Tuesday, February 16, 2016

At the place of the sea



Yesterday was an extremely difficult day for me. Still trying to get settled into our home in Connecticut, while trying to sell our home up north is presenting it's own set of challenges. Needless to say, finances are at the top of that list. Trying to maintain a healthy attitude in the midst of a storm is harder than it sounds. I found myself yesterday standing at the place of the sea; figuratively speaking that is. I was trying to wrap my head around everything that's happened and what is still happening and there is no logical reason that makes any sense to me whatsoever.

When the children of Israel were enslaved in bondage in Egypt for well over 400 years, they had been crying to The Lord to send them a deliverer to free them. Generations of people died never seeing the deliverer, and years passed. Then one day God answers their prayer, 430 years later, and sends Moses to deliver them. To make a long story short, he leads them out of Egypt into the wilderness to wander for weeks until finally making it to the edge of the Red Sea. Meanwhile Pharaoh's armies are chasing them and have them trapped in the desert with no where to go. Armies poised on the one side and the Red Sea on the other- this is what you might call a dilemma. The scripture says that the children of Israel complained to Moses, but I would imagine it was a bit more intense than that. They asked Moses why God had taken them out of Egypt only to bring them into the desert to die. I know it sounds crazy, but I get that. I understand their concerns and their frustration. Let me explain.

Last Spring when my wife and I discussed the possibility of moving out of Connecticut, it was for the most part, strictly for financial reasons. It is very expensive living here and everything costs more here. We both were tired of always working for money to pay bills with little to nothing left after every paycheck. Moving to a less expensive state with lower taxes, into a smaller home with fewer expenses seemed like a plausible idea. Being believers, we prayed to God and asked for His blessing and for His guidance to make sure this was a wise move for us at this time. Weeks passed and we talked some more. I realized that our businesses weren't being blessed while we were living here so I asked a seemingly ridiculous prayer. "Lord, if you're not blessing us enough to stay here, then please at least  bless us enough to leave" and within weeks both of our businesses prospered to where were were in a position to purchase a home up north without having our home sold yet, including having money for moving expenses.

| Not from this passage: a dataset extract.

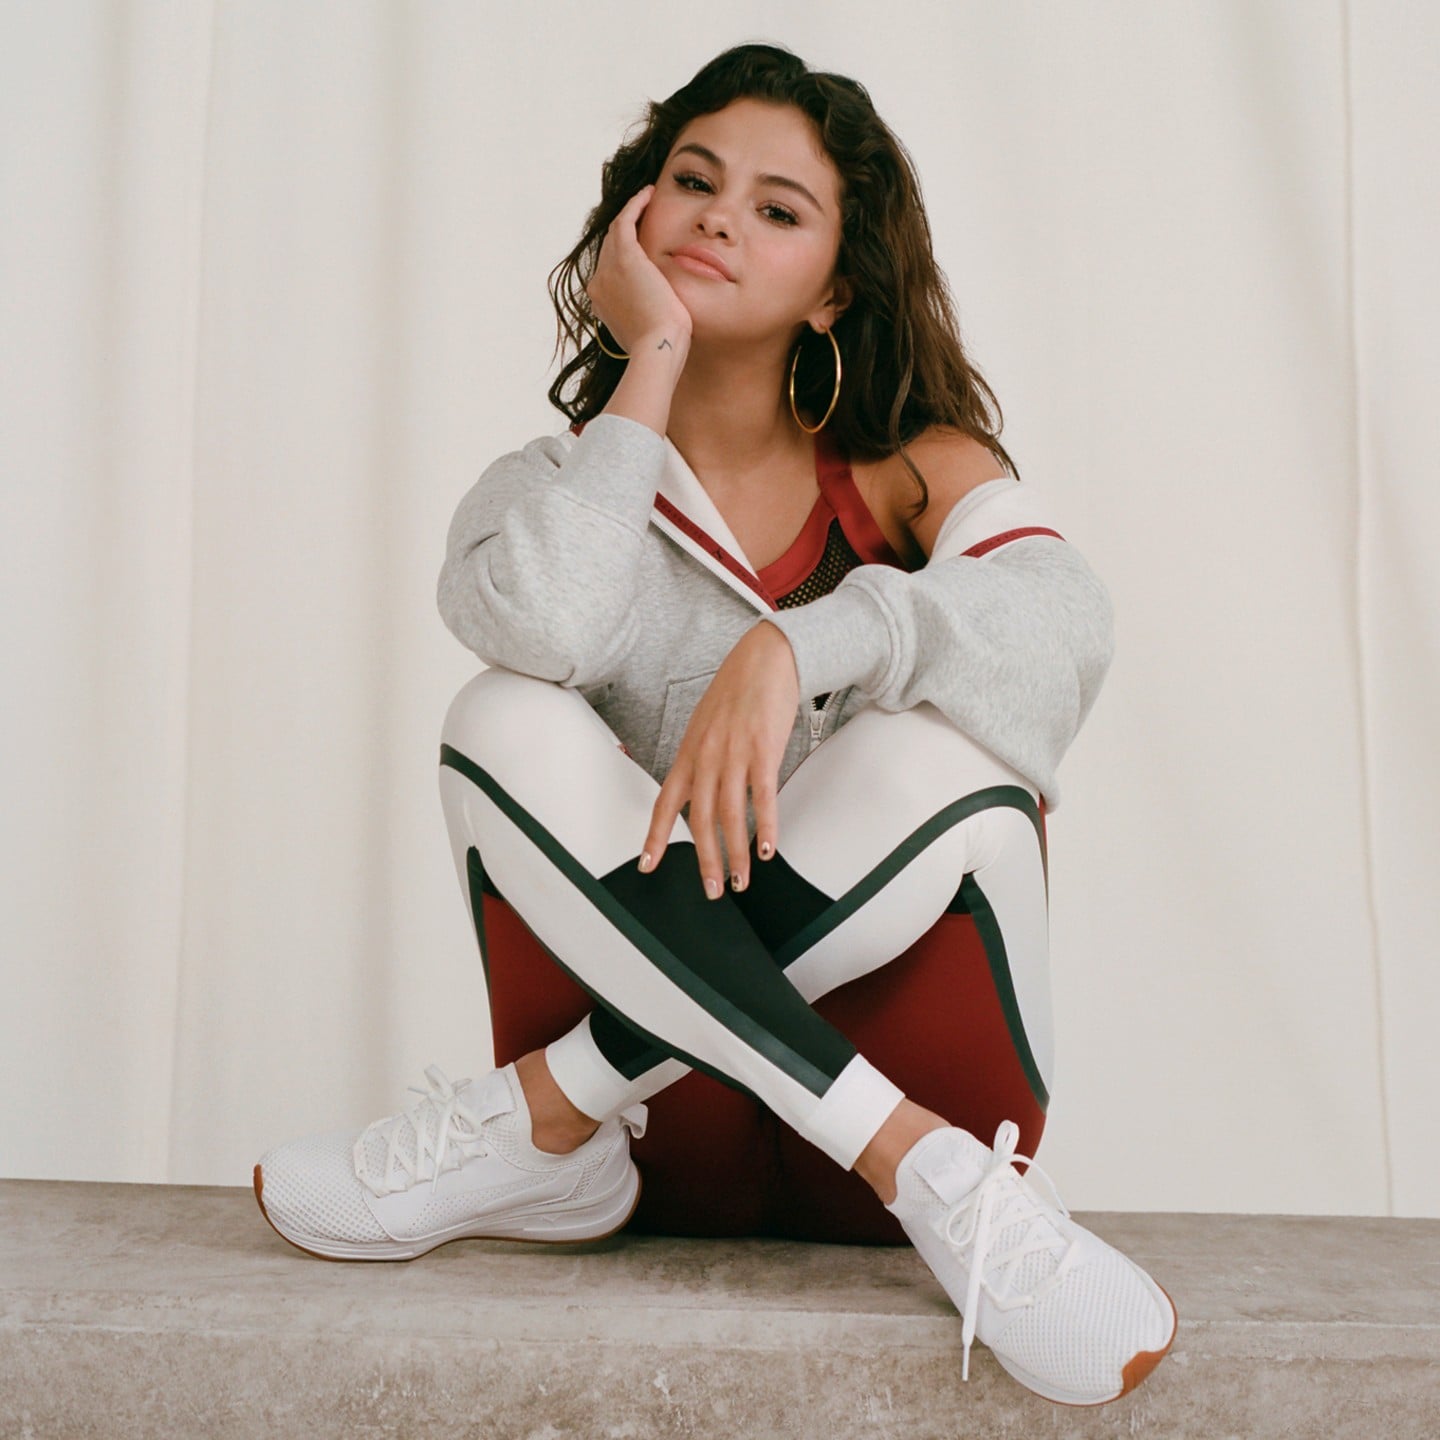 Selena Gomez Puma Collection 2018 
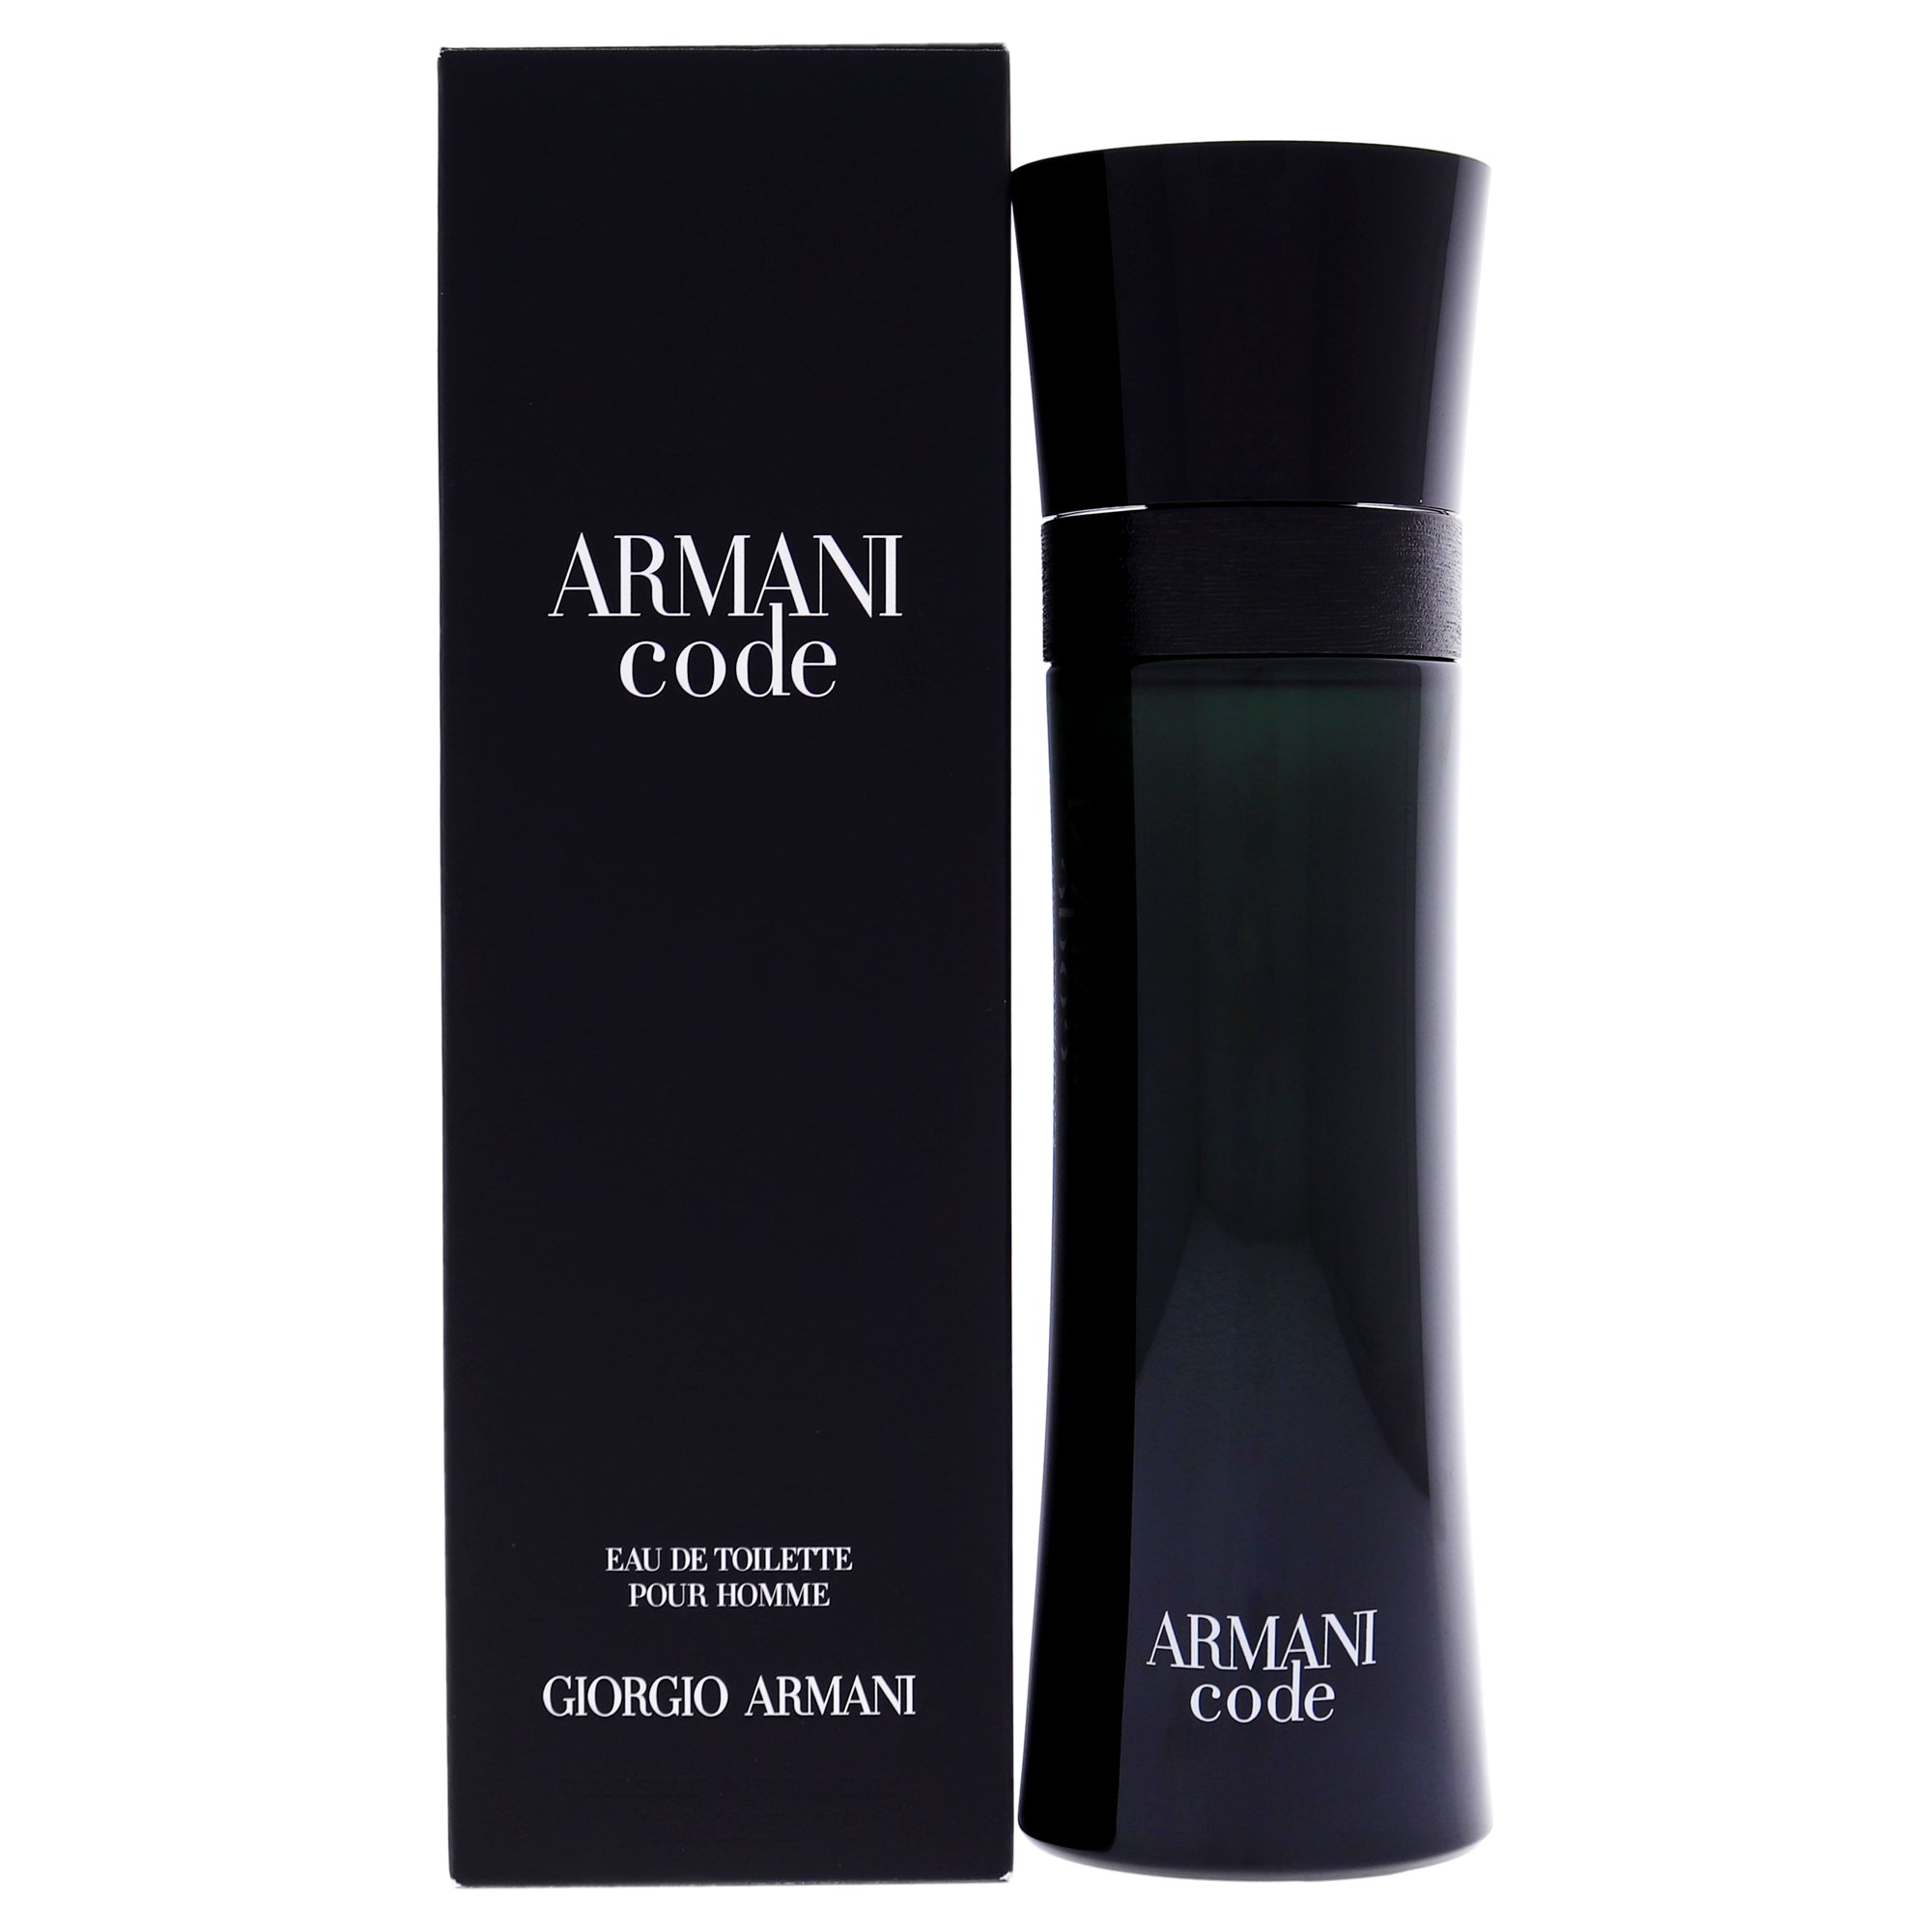 Armani Code by Giorgio Armani for Men 4.2 oz EDT Spray

Now, after being back in our Connecticut home we are looking around almost in a fog wondering why God would take us out of our home, bring us up north, let us get settled in, spend thousands of dollars buying a home, registering our vehicles and moving twice in 90 days, only to bring us back into our original home, that- by the way, never sold. It seems absolutely unreal. I definitely feel like I am standing at the place of the sea. Not quite sure if the armies of Pharaoh will destroy me or will I drown in the sea in front of me. Only God knows. But for the moment, I have to find something to be thankful for so here goes. There's a part of the story about Moses that I haven't shared yet, and that's where he speaks to the children of Israel and says, "Fear not, stand still, and see the salvation of The Lord." There was hope and the sea parted and Israel walked through and were saved.

I have to believe that as with them, there is a salvation coming for my wife and I and this heartache will come to an end. I guess what I am thankful for today is that I still have some hope left inside of me to wait on our miracle. It may not seem like much to someone else, but from where I am standing, it's more powerful than you will ever know.